The meaning of religious literary genres
There are literary genres that we have been trained and educated to recognize and interpret correctly.
So when faced with a cartoon, or a Romeo and Juliet romance, a not-so-real Napoleon epic, or a ridiculous scene from a Batman comic book, we know how to differentiate impossible and unlikely loves from music and theatrical representations and from artistic genres. With maturity, we can identify the ideological editorial in the daily news and know how to separate political militancy from the indicated fact. We always make our judgments on reality shows, separating fantasy, theatrical representation from unreal competition totally orchestrated to gain audience and cause controversy.
As early as the fifth century BC, there was no provision for the meaning of spirit as part of immortal life, except in Buddhism.
Then this construct was accepted by the Greeks, whose thinker Socrates created in a book written by his disciple Plato the concept of spirit that became the term soul for Christians in the book Phaedo.
The biggest problem for religious people is not this. But, the biggest and only central problem is that Christians believe in the myth of Noah's ark without separating the mythology genre, believe that Daniel survived in the lions' den, another myth, believe that the Red Sea opened for the passage of the Hebrew people, another myth. It is wrong to believe in the genre and not in the Bible's lesson through myth. We believe in the fable of Santa Claus dressing up as the old man who gives presents. Everyone has fun and we spend trillions of dollars on this party all over the world.
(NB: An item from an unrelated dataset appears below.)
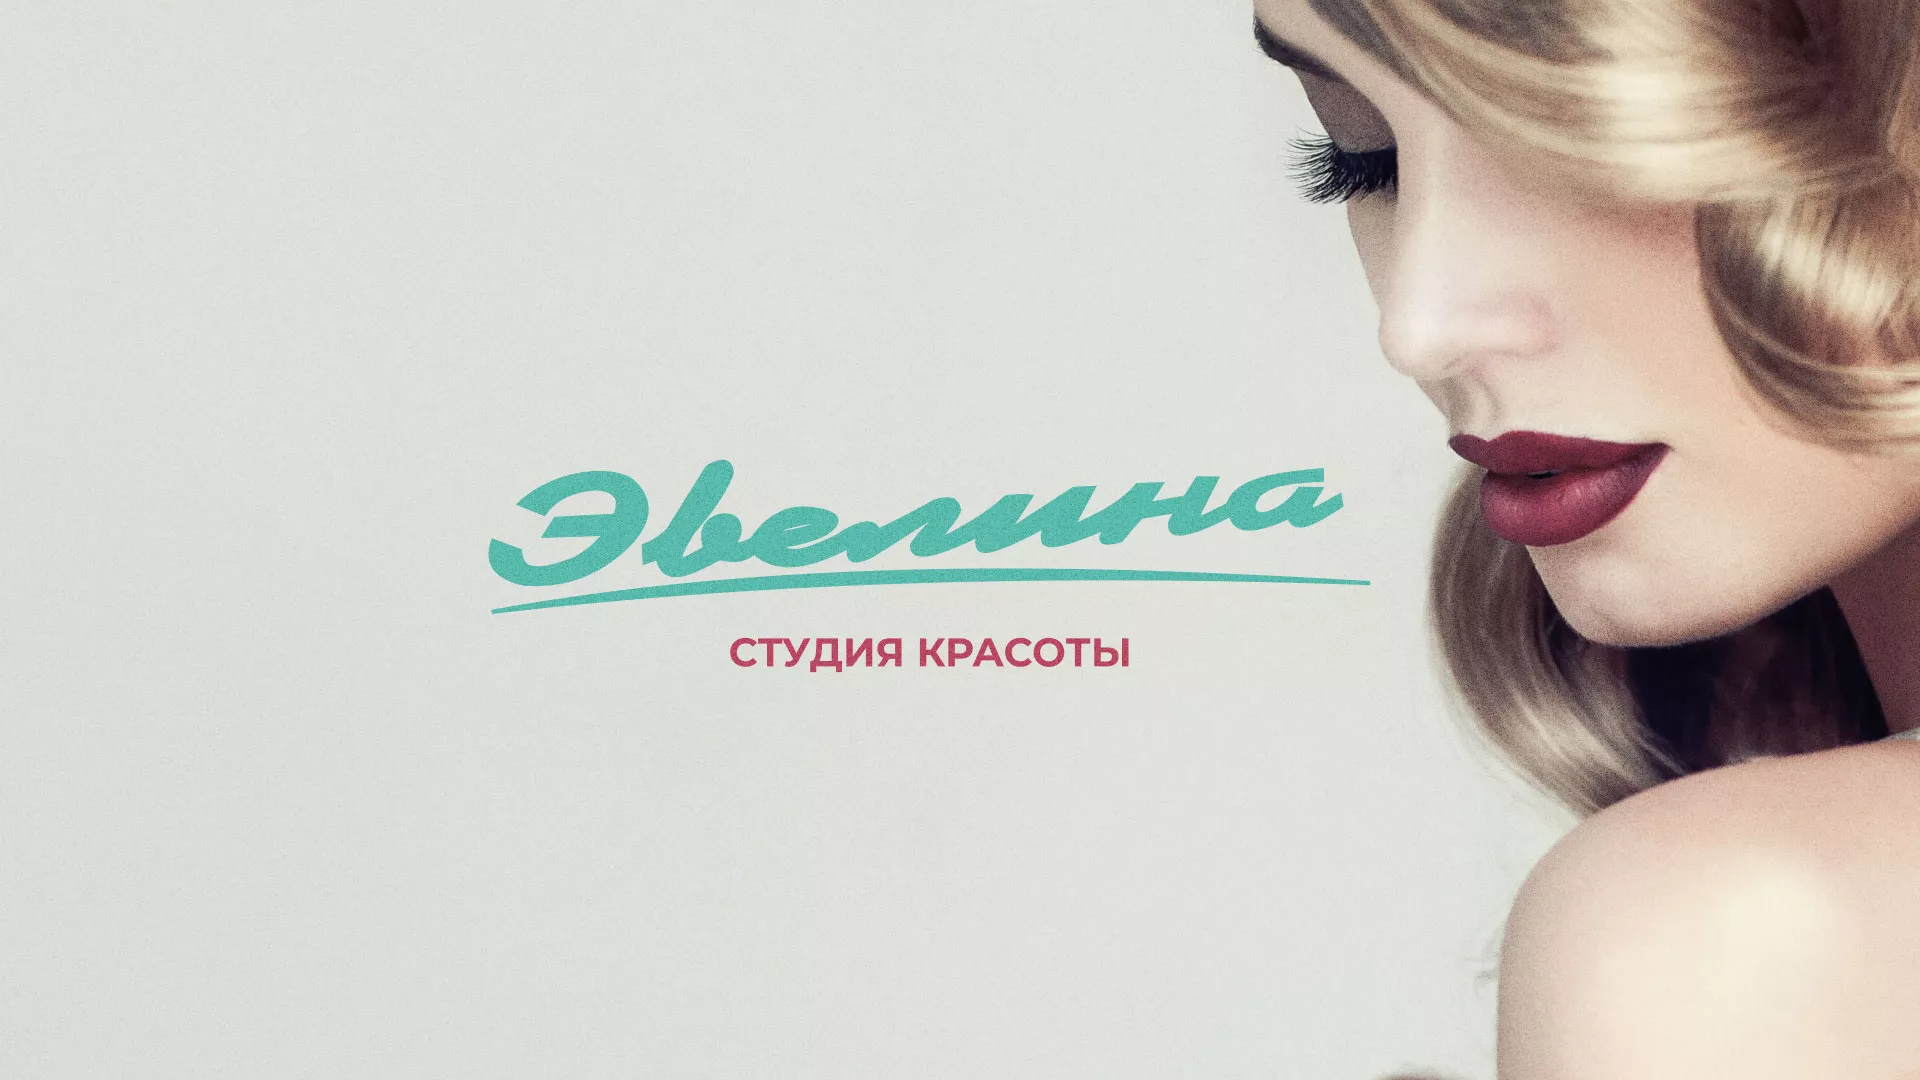 Разработка сайта для салона красоты «Эвелина» в Ставрополе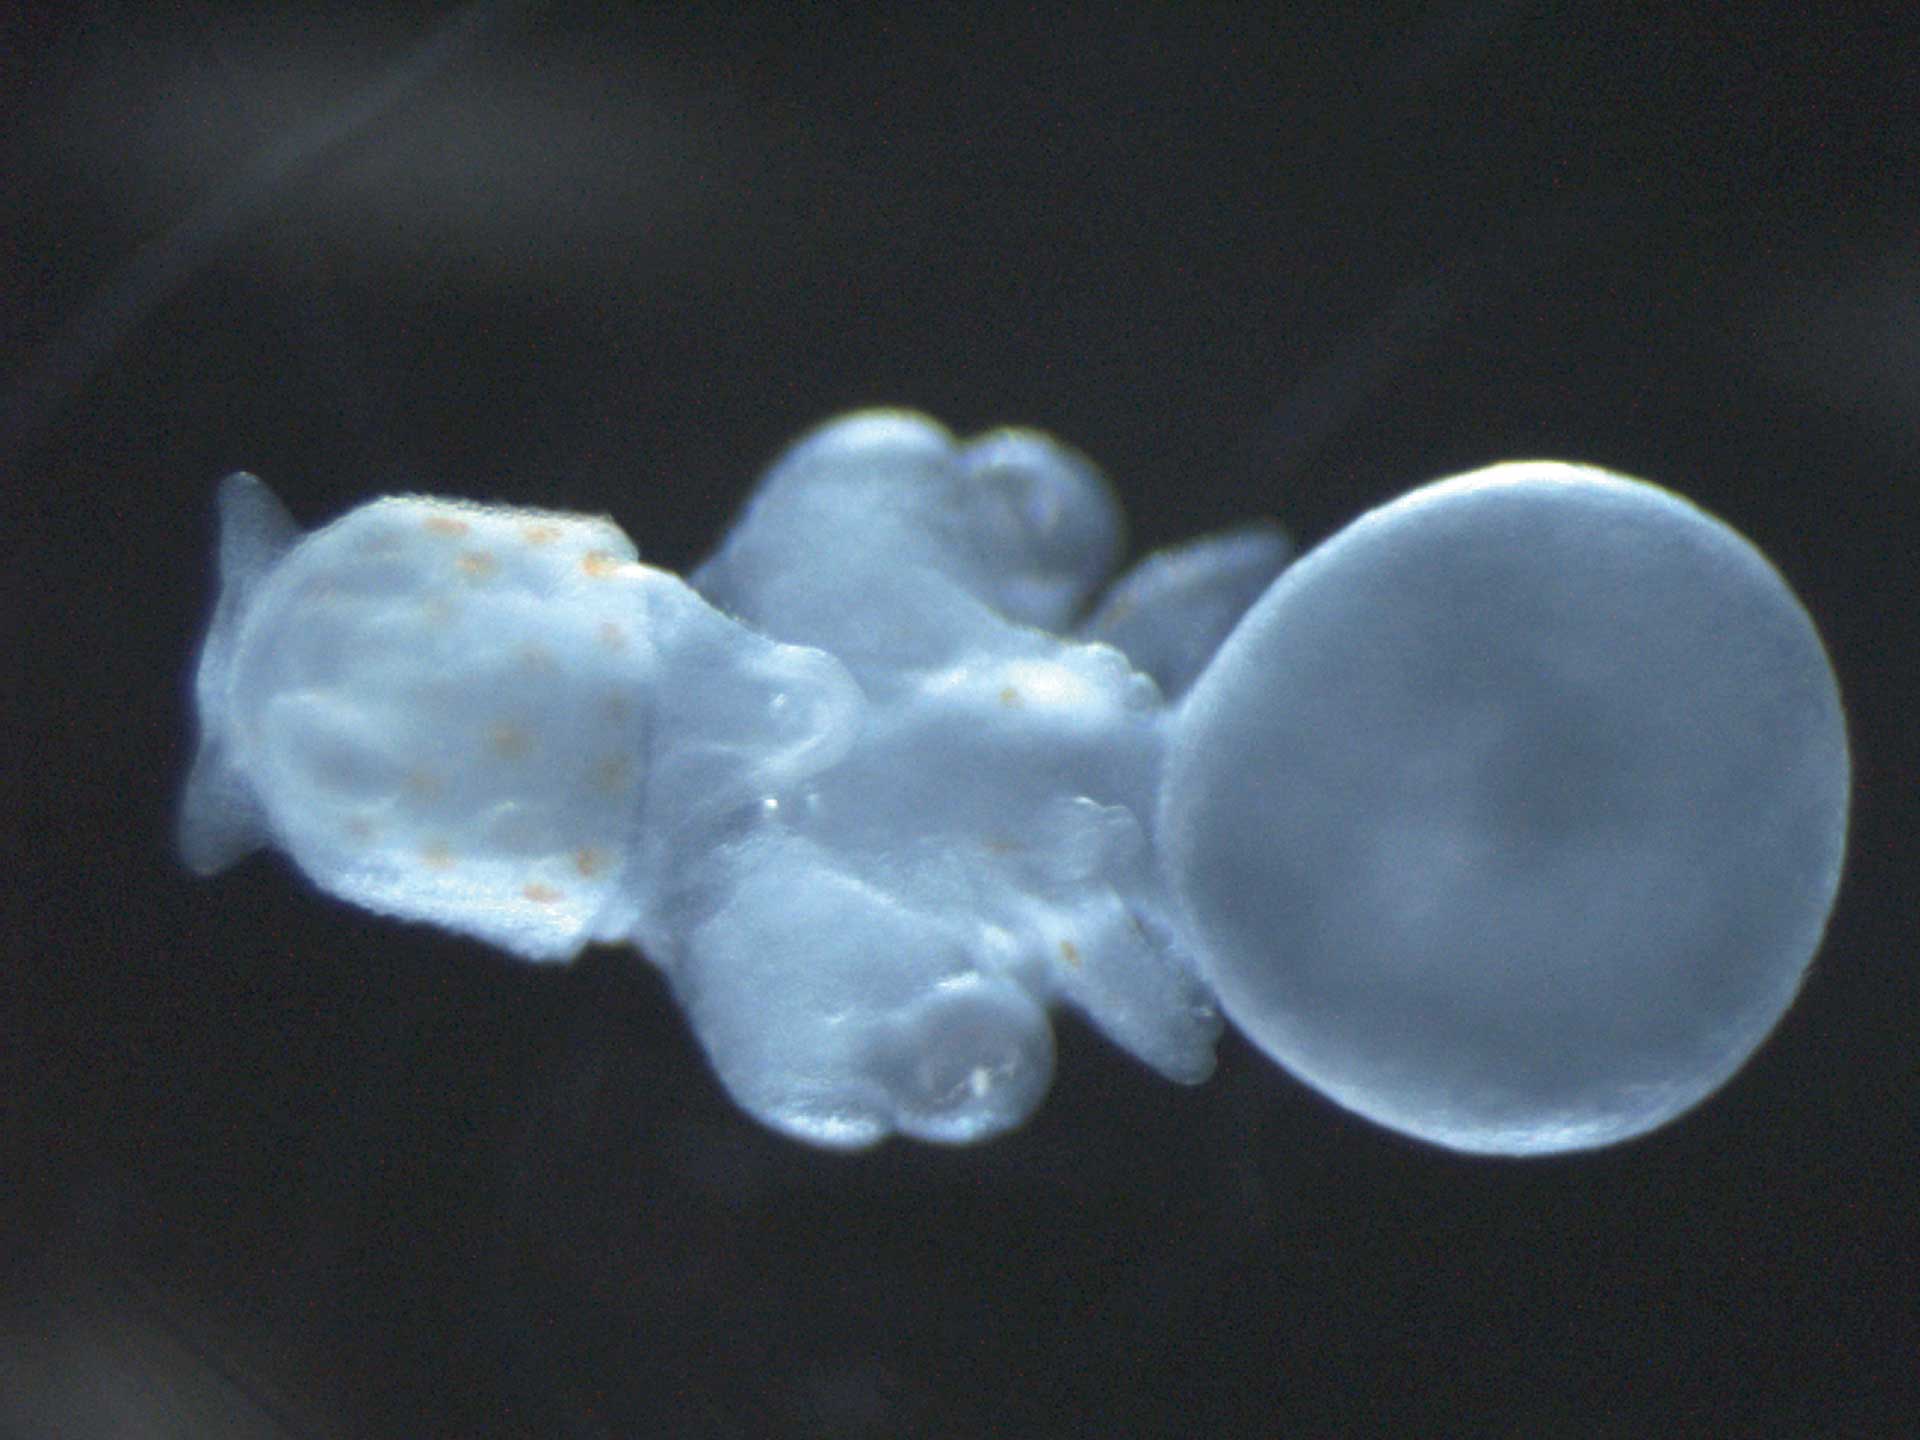 鱿鱼胚胎阶段 美国马萨诸塞州剑桥大学生物和进化生物系Cassandra Extravour博士

However, as adults, we have the ability to separate myth from reality and still build the non-existent figure of Santa Claus into universal family love and solidarity on Christmas Day. Even though we know that no one knows where Santa Claus lives, the message remains. This should be the behavior of Christians when faced with the fantastical aberrations of the Bible as a literary genre. Literality should be rationally overlooked, not like little children who adopt Santa Claus. Thus, Jesus' message should be greater than the invented myth. Stop being psychopaths and grow up.